Tapınakçılar, tarikatın kuruluşundan 40 yıl sonra 1150’lerde Ascalon kuşatmasında şehrin surlarından içeri girince kendilerinden başka kimseyi içeri almadılar ve kazancı paylaşmadılar. Bu olay, hem kilise/devlet, hem de Hıristiyan toplum nezdinde Tapınakçılara yönelik güvensizliğin miladı kabul edilir. Bu güvensizlik zamanla Tapınakçılara karşı büyük bir muhalefet dalgası oluşturdu. Aristokrasi ve krallığın gücü ile organize olan bu muhalefet dalgası, Tapınakçılar’ın, 13. yüzyılda kuruluşlarından 200 yıl sonra tasfiye edilmelerine vesile oldu.
Bugün de cemaate karşı da 2007’den beri organize olmadığı halde (Belki de muhalefet gücünü buradan alıyordu) çığ gibi büyüyen bir muhalefet dalgasının oluştuğunu görmek için çok zeki olmaya gerek yok. Bunu en başta da ‘cemaat yöneticileri’nin görmesi gerekiyordu, ama görmediler.

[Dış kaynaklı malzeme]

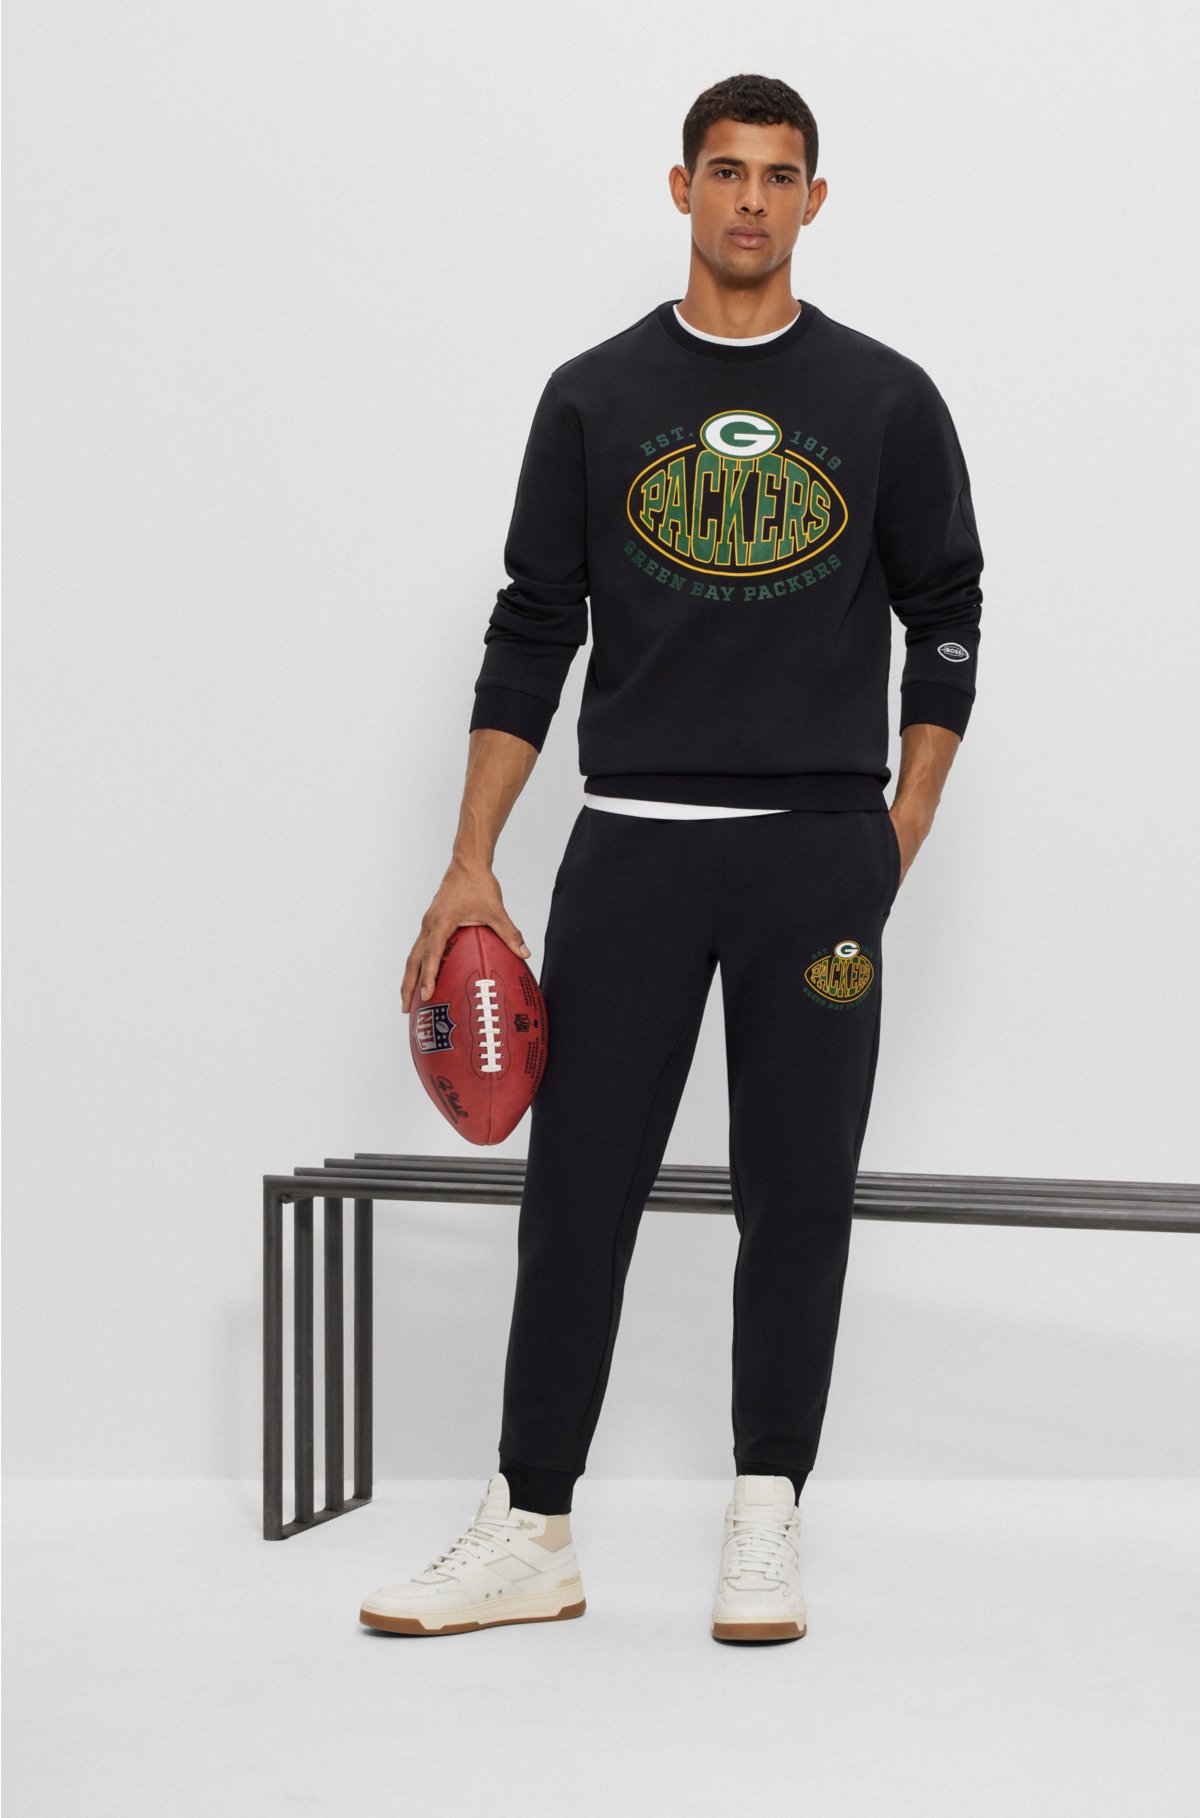 BOSS x NFL cotton-blend tracksuit bottoms with collaborative branding, Packers

Son yedi yılda devletin gizli ortağı olan Gülen Cemaati’nin toplum, devlet, hatta kendi müntesipleri tarafından bile yeterince anlaşılmadığını düşünüyorum. Sonuçta yapılacak her tartışma, cemaate yönelik her eleştiri toplumun, bu cemaati tanıma hakkına hizmet edecek ve ülkeye yararlı olacaktır.